A team of Filipino researchers has discovered a powerful antifungal agent hidden within a traditional fermented fish dish. Burong isda, a popular Pampanga delicacy, harbors a bacterium, Limosilactobacillus fermentum, with surprising health benefits. This bacterium shows significant promise in combating Aspergillus fumigatus, a fungus that commonly infects people with weakened immune systems.
The research, conducted by scientists at the University of the Philippines Diliman College of Science (UPD-CS) and the University of Santo Tomas (UST), combined advanced genomic and laboratory techniques. This multi-faceted approach revealed the bacterium’s antifungal properties. This is potentially the first study demonstrating L. fermentum’s effect against A. fumigatus.
Lead researcher Joshua Veluz, a Kapampangan himself, explained his personal connection to the project. He grew up eating burong isda, fueling his curiosity about its potential health benefits beyond its cultural significance. His interest led to the study, begun in 2019. He stated, “Historically, probiotic research in the Philippines has relied heavily on culture-based methods and basic molecular techniques. This work underscores the value of combining genomics, metabolomics, and assays as a powerful and timely approach to uncovering the full probiotic potential of microbes found in Philippine fermented foods.”
The study found that while L. fermentum might struggle in highly acidic environments like the stomach, it thrives in less acidic parts of the digestive tract. Importantly, the bacteria possess genes that boost the immune system and produce essential B vitamins (B1, B2, B6, and B9). Crucially, the strains are non-pathogenic and show minimal risk of transferring antimicrobial resistance.
Beyond immune support and vitamin production, the L. fermentum strains produce compounds that inhibit fungal growth. While previous research has noted L. fermentum’s antifungal abilities against other fungi, this study highlights its potential against the dangerous A. fumigatus. This opens exciting possibilities for developing a broad-spectrum antifungal treatment.

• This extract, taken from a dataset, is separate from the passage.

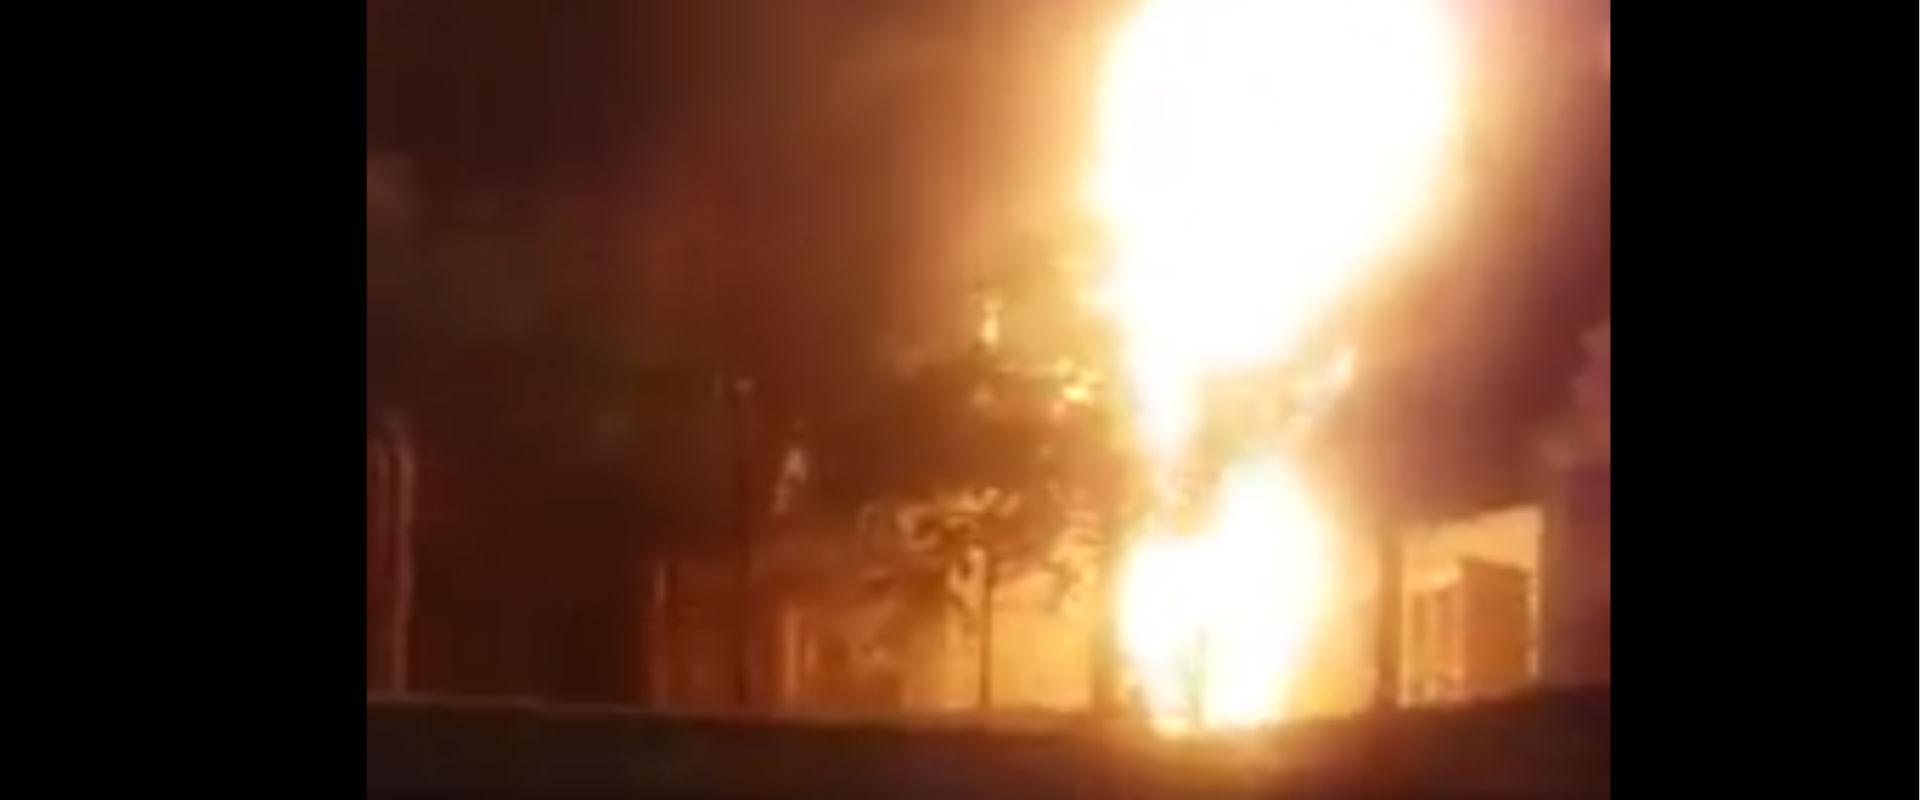 השריפה בסניף ביטוח לאומי בוואדי ג'וז, הלילה

Veluz and his team are continuing their research. They are exploring additional probiotic properties and ensuring the strains’ stability for safe application in future health products. They plan to further characterize the bacteria’s traits, contributing significantly to the burgeoning field of probiotic research in the Philippines. Their work utilizes OMICs, a cutting-edge approach to studying the complete set of genes or proteins of the organism. This discovery could lead to new probiotic products, offering a natural and effective way to combat fungal infections. The potential impact on global health from this seemingly simple fermented fish is enormous.